A mesure qu’on avance, on résout des problèmes. Mon bateau au départ devait faire 10 tonnes, 10 nœuds et 180 m2 de panneaux solaires, à la fin on avait 550 m2 de panneaux solaires et il pesait 80 tonnes. Vous avez votre rêve initial avec un certain budget, et après il y a la réalité.
Suite, page 08.
Le plus difficile, trouver des fonds ou motiver les gens autour de vous?

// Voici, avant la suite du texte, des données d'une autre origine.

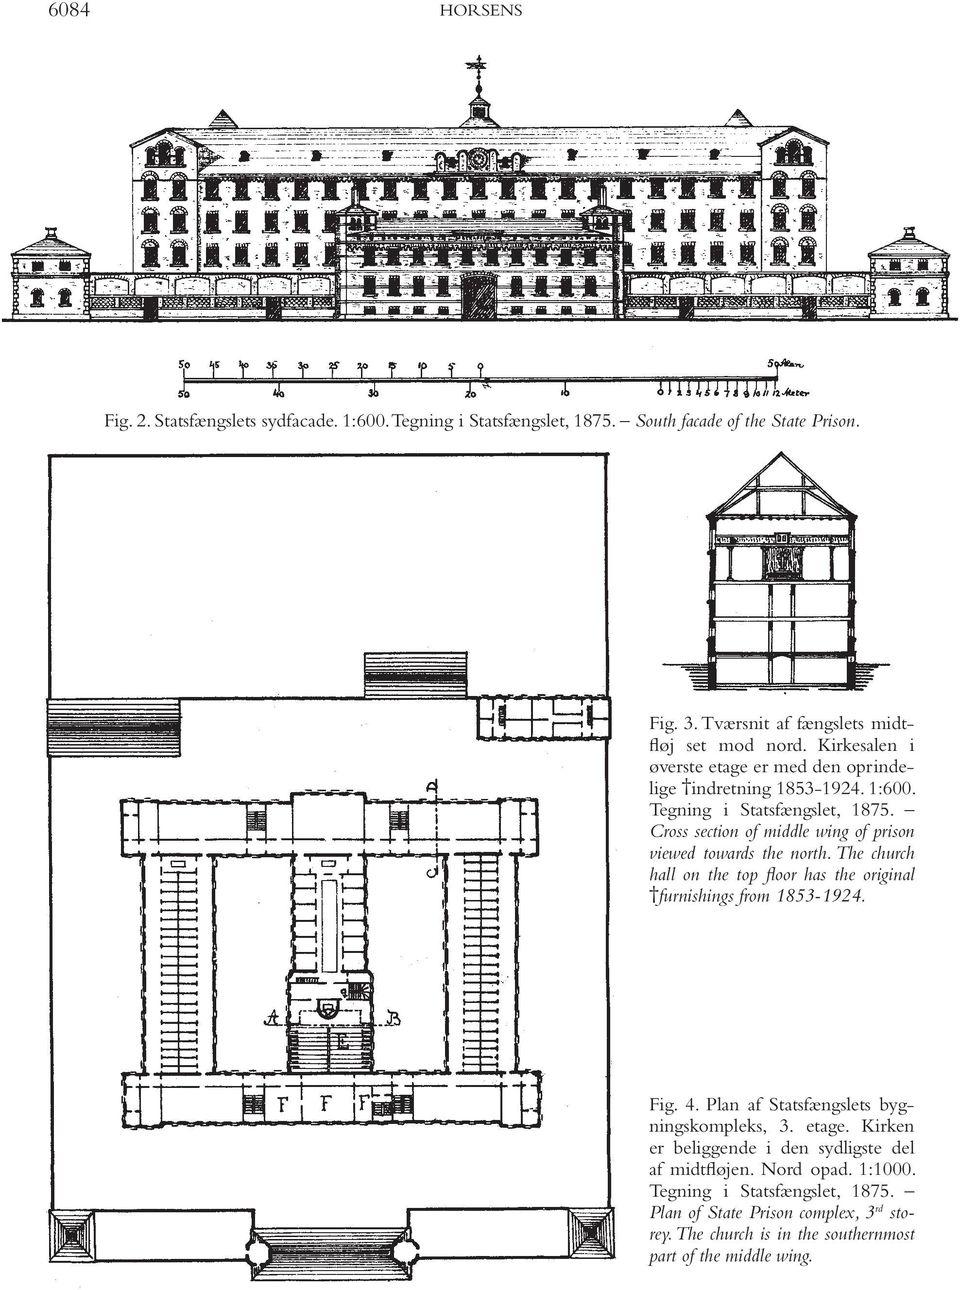 Cross section of middle wing of prison viewed towards the north. The church hall on the top floor has the original furnishings from 1853-1924. Fig. 4.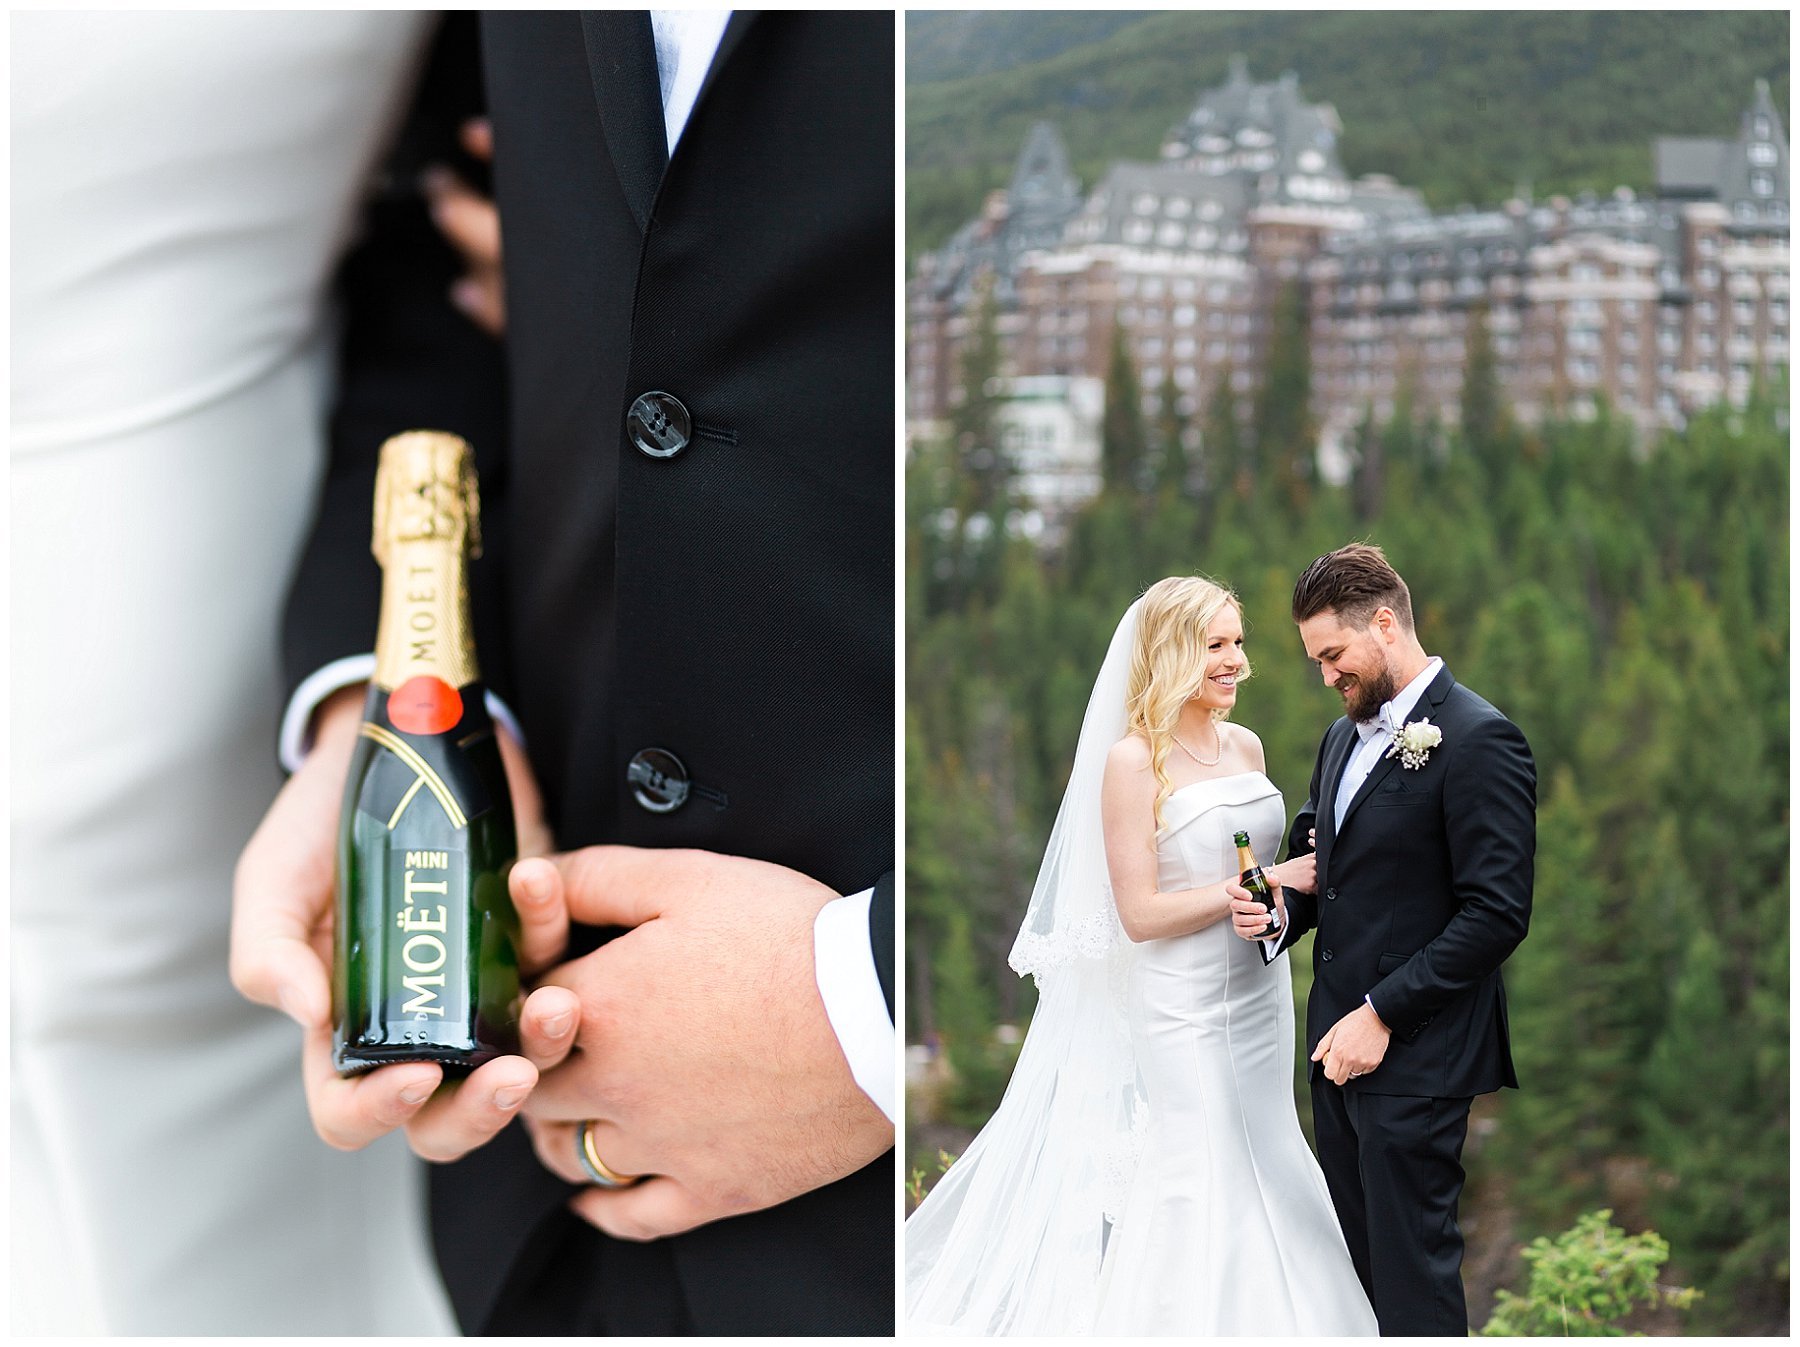 Champagne toast with bride and groom.

C’est de trouver l’argent. La principale difficulté consiste à financer des projets qui n’ont pas d’intérêt commercial. On fait de l’aventure, on n’est pas sûr de réussir. La première chose qu’on dit à nos sponsors et qui figure dans la première ligne du contrat, c’est qu’on ne leur garantit pas la réussite, même si on va tout faire pour réussir.
Le projet est un peu freiné?
On a perdu une année à cause des ailes, que l’on a cassées en juillet 2018. Il faut comprendre pourquoi ça a cassé, et on en a profité pour optimiser. Après, on a appris que l’assurance qui s’était engagée à couvrir le cas par écrit ne voulait pas payer. Ça veut dire qu’il faut nous organiser pour défendre nos intérêts et trouver une solution. Cet incident coûte un demimillion. On prend des risques, mais je ne dépense pas l’argent que je n’ai pas.
Il faut prendre son temps?
Il faut être tenace.
Vous ne vous donnez pas de calendrier?
Si vous n’avez pas de calendrier, vous n’y arrivez jamais. Notre vol record dans la stratosphère, c’est dès 2021.
Un vol de quelle durée?
3 heures pour monter et entre 3 et 6 heures pour redescendre.
Combien de temps dans la stratosphère?
Ça dépend de l’altitude qu’on va atteindre. La stratosphère, c’est 16-17 km, si on arrive à 18 km, ça va être une demiheure. Si on peut aller plus haut, ce sera peut-être une heure.
Vous vous préparez physiquement?
Il s’agit de ne pas dépasser 100 kilos avec la combinaison qui fait 30 kilos, donc je dois perdre 10 kilos.
En attendant, vous allez partir en expédition?
On part des Malouines le 30 novembre et on revient à Ushuaia début janvier. Une expédition en Antarctique avec un marin de légende, Eric Loizeau, et Laurence de la Ferrière, la première femme à avoir traversé le continent antarctique. Nous allons vérifier quelle est la situation dans cette région caractérisée par un changement climatique extrêmement important. J’y vais avec le même kayak solaire avec lequel j’avais fait en 2015 une tentative du passage Nord-Ouest de l’océan Arctique.
Quel enfant étiez-vous?
J’étais un peu particulier. J’étais un cancre, je me suis réveillé très tard. A 15 ans, les filles ça ne m’intéressait pas, j’allais faire des cabanes dans la forêt. Je construisais des caisses à savon, à 12 ans j’ai voulu faire un deltaplane. Il n’a jamais volé. J’ai toujours essayé de faire des trucs un peu fou.